A la suite de sa rencontre avec Louis Rousseau, le bagnard trouve à s’employer chez le gestionnaire du magasin des îles du Salut Alric dont le logement jouxte l’infirmerie de l’île Royale. C’est là, nous dit Rousseau, que l’idée d’une étude empirique sur le bagne prend forme. Le projet de livre du docteur Louis Rousseau rejoint celui, abandonné en 1916, du forçat Jacob. Mais au-delà d’une collaboration active et soutenue, l’amitié qui s’ensuit permet au bagnard anarchiste de trouver un soutien de poids. Le statut du docteur Rousseau, ses relations, autorisent l’espoir d’une issue heureuse dans les démarches entreprises par Marie Jacob pour faire sortir son rejeton de l’enfer carcéral. Le médecin quitte la Guyane le 11 mai 1922 et, à partir de 1923, l’Oncle devient un personnage de premier plan dans la correspondance codée du bagnard. A son départ, raconte René Belbenoit, les forçats lui offrent « un gros bouquet de fleurs cueillies par eux » en témoignage de leur profonde estime[18]. Rousseau est d’après lui « le seul homme dont les forçats parlent encore. Mais on le rappela en France »[19]. Deux ans plus tard, c’est au tour de l’honnête cambrioleur de retrouver la métropole à la suite de l’active campagne de presse menée par Louis Roubaud du Quotidien et Francis Million du Peuple, organe de la CGT. Dans les deux journaux, Louis Rousseau apporte sa caution et son soutien à l’homme qu’il a rencontré un jour de 1920 alors qu’il regardait la « magnifique vue » que l’on pouvait – que l’on peut encore – avoir depuis son logement de fonction sur l’île Royale.

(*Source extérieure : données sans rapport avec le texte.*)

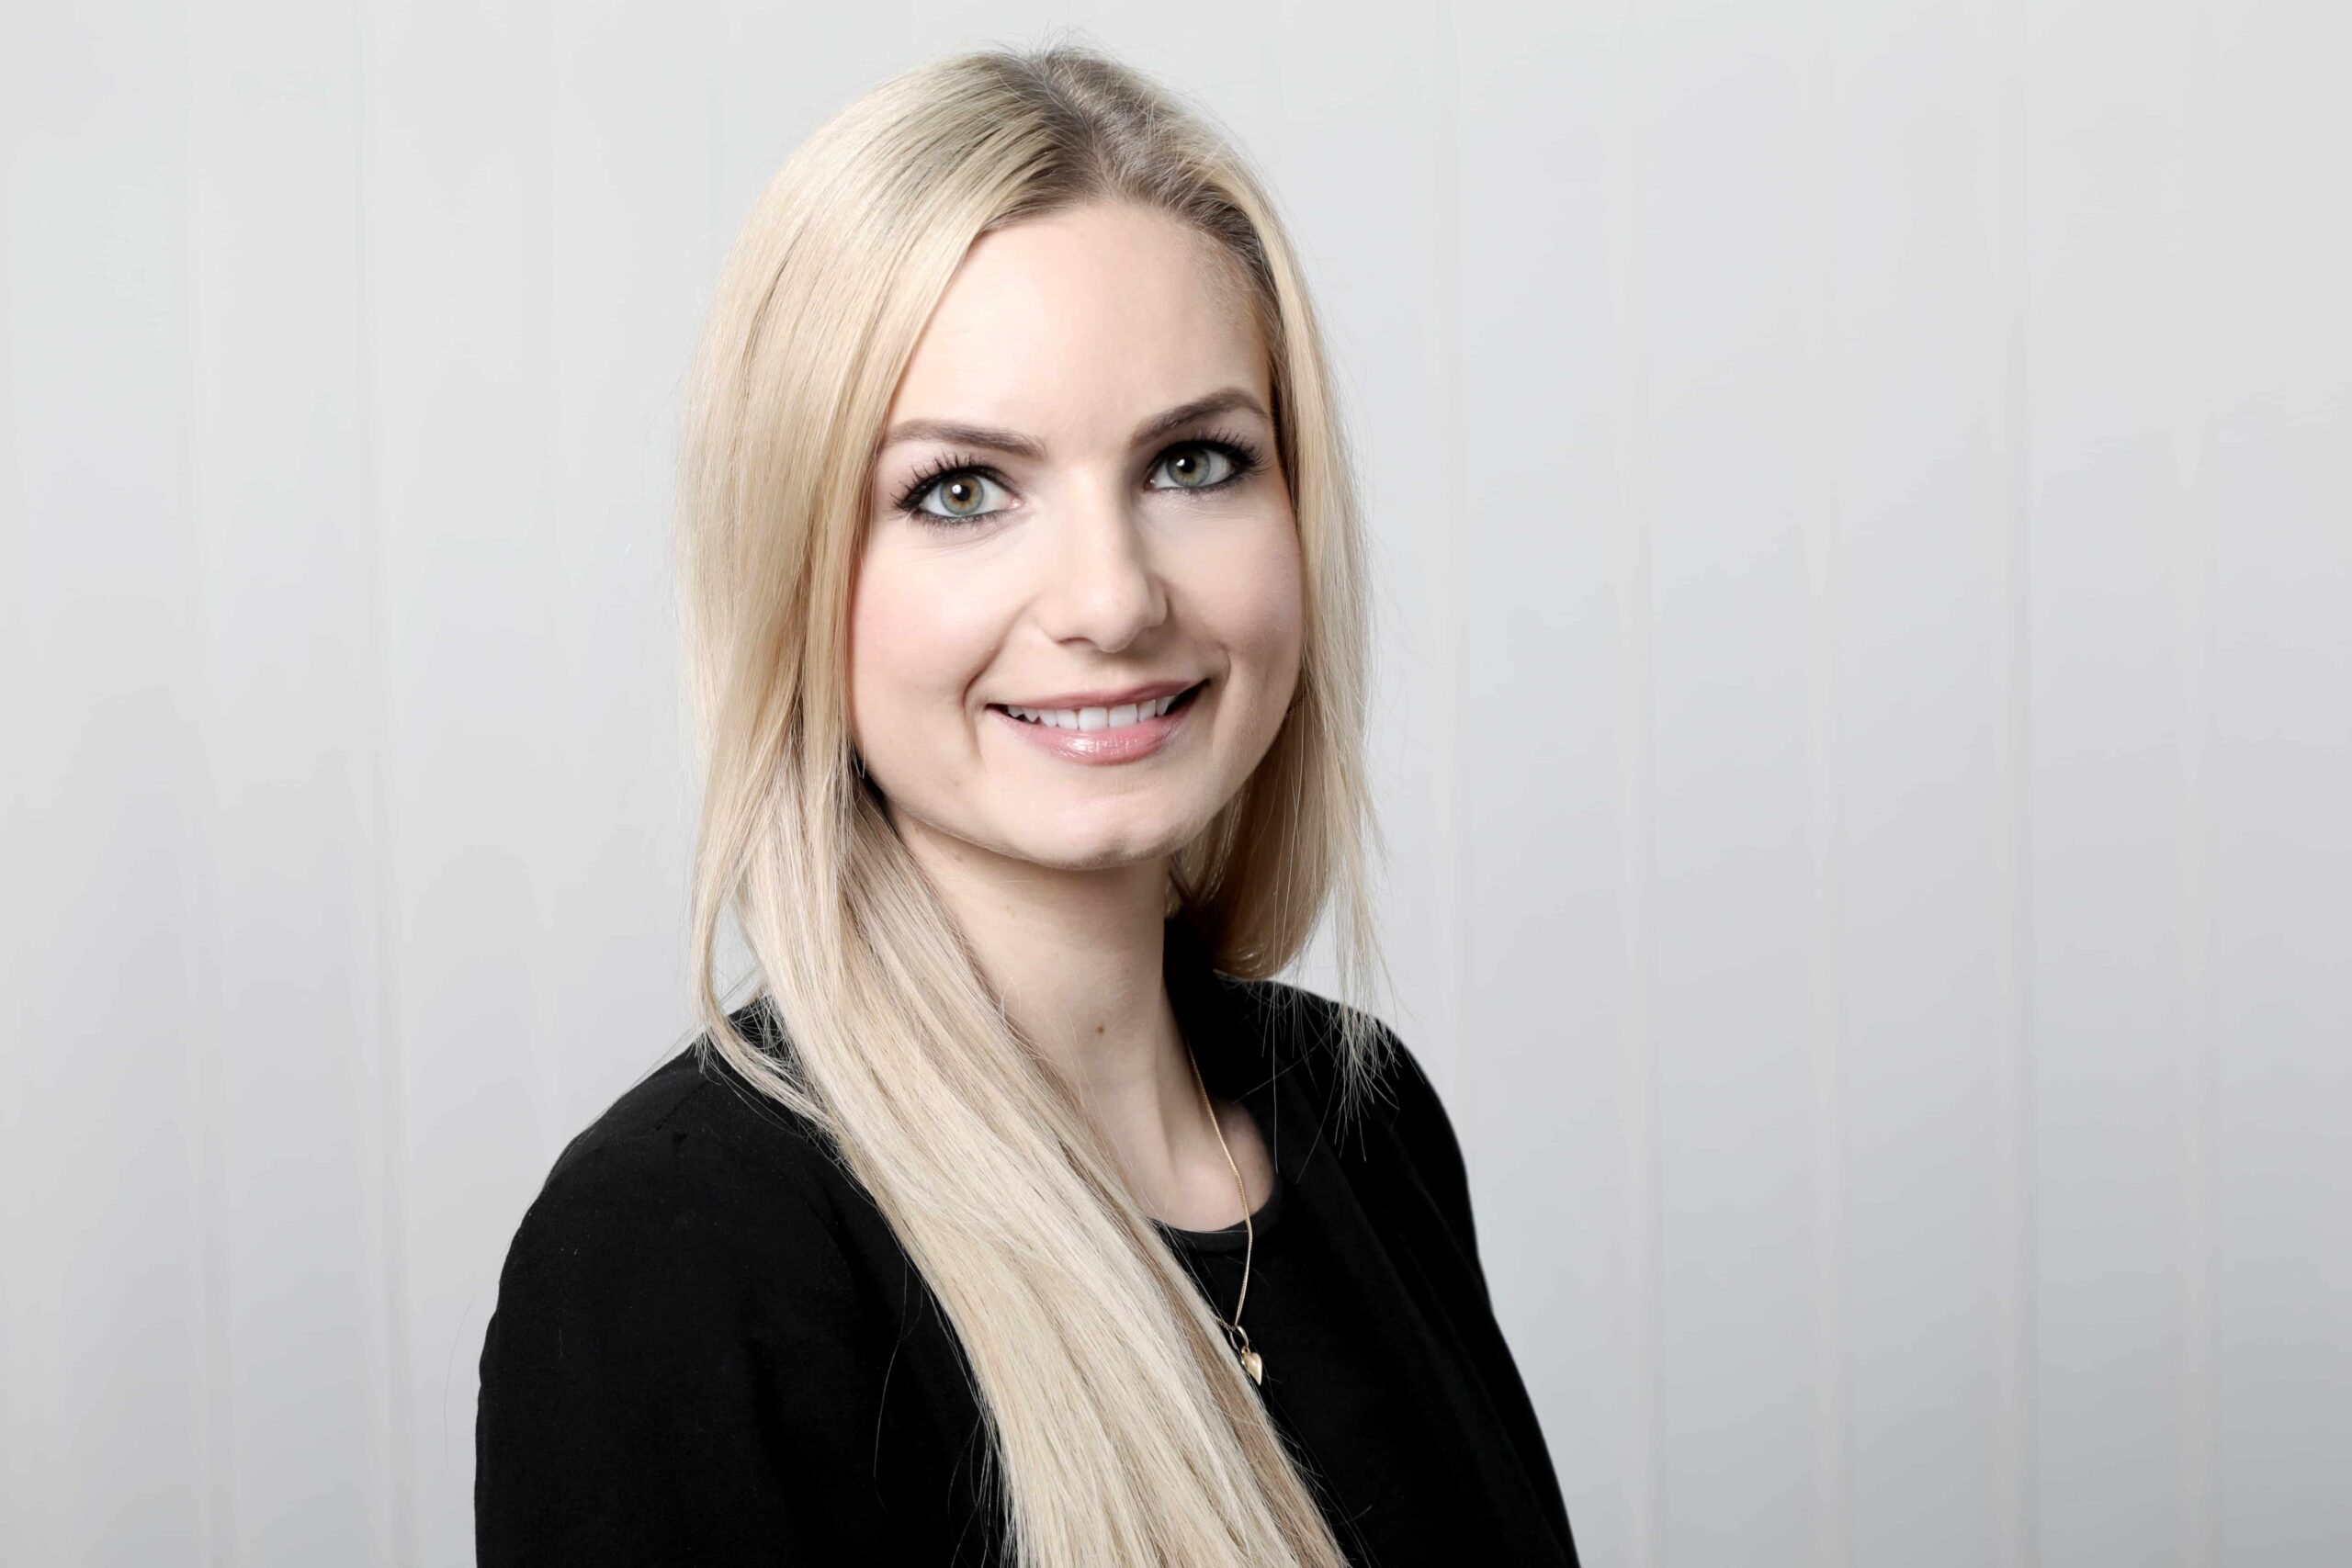 Jessica Zurschmiede

[1] L’anarchiste est condamné aux travaux forcés à perpétuité à Amiens le 22 mars 1905 ; puis à vingt ans de la même peine à Orléans le 24 juillet de cette année.

[2] Docteur Louis Rousseau, Un médecin au bagne, Armand Fleury éditeur, 1930, avant-propos, p. XIII.

[3] Law Jacob, Dix-huit ans de bagne, Editions de La Pigne 2013 (réédition), p.88.

[4] Rousseng Paul, L’enfer du bagne, Pucheu éditeur, 1957, p.64.

[5] Belbenoit René, Les compagnons de la Belle, Les éditions de France, 1938, p.141.

[6] Belbenoit René, op. cit., p.142.

[7] Soit dans le jardinet se situant derrière leur logement, dans le quartier des surveillants sur l’île Royale.

[8] Law Jacob, op. cit., p.88.

[9] Law Jacob, op. cit., p.88 : « Grâce à lui, en effet, les hommes qui n’avaient plus d’espoir, étant depuis, dix, quinze ou vingt ans sur les îles du Salut, ont pu partir en évasion. Beaucoup n’oublieront pas le docteur Rousseau car, s’ils sont maintenant en liberté, c’est à lui qu’ils le doivent ».

[10] Les surveillants

[11] Dieudonné Eugène, La vie des forçats, Libertalia, 2007 (réédition 1930), p.164.

[12] Dieudonné Eugène, op. cit., p.164.

[13] Sergent Alain, op. cit., p.191-193.

[14] A.N.O.M., H1481/Jacob.

[15] Jacob Alexandre, Ecrits, L’Insomniaque, 19995, volume II, p.139, lettre du 17 mai 1920 : « En ce moment et depuis le premier de ce mois je suis placé en assignation ».

[16] Jacob Law, op.cit., p.100.

[17] Sergent Alain, op. cit., p.195.

[18] Belbenoit René, op. cit., p.143.

[19] Belbenoit René, op. cit., p.143.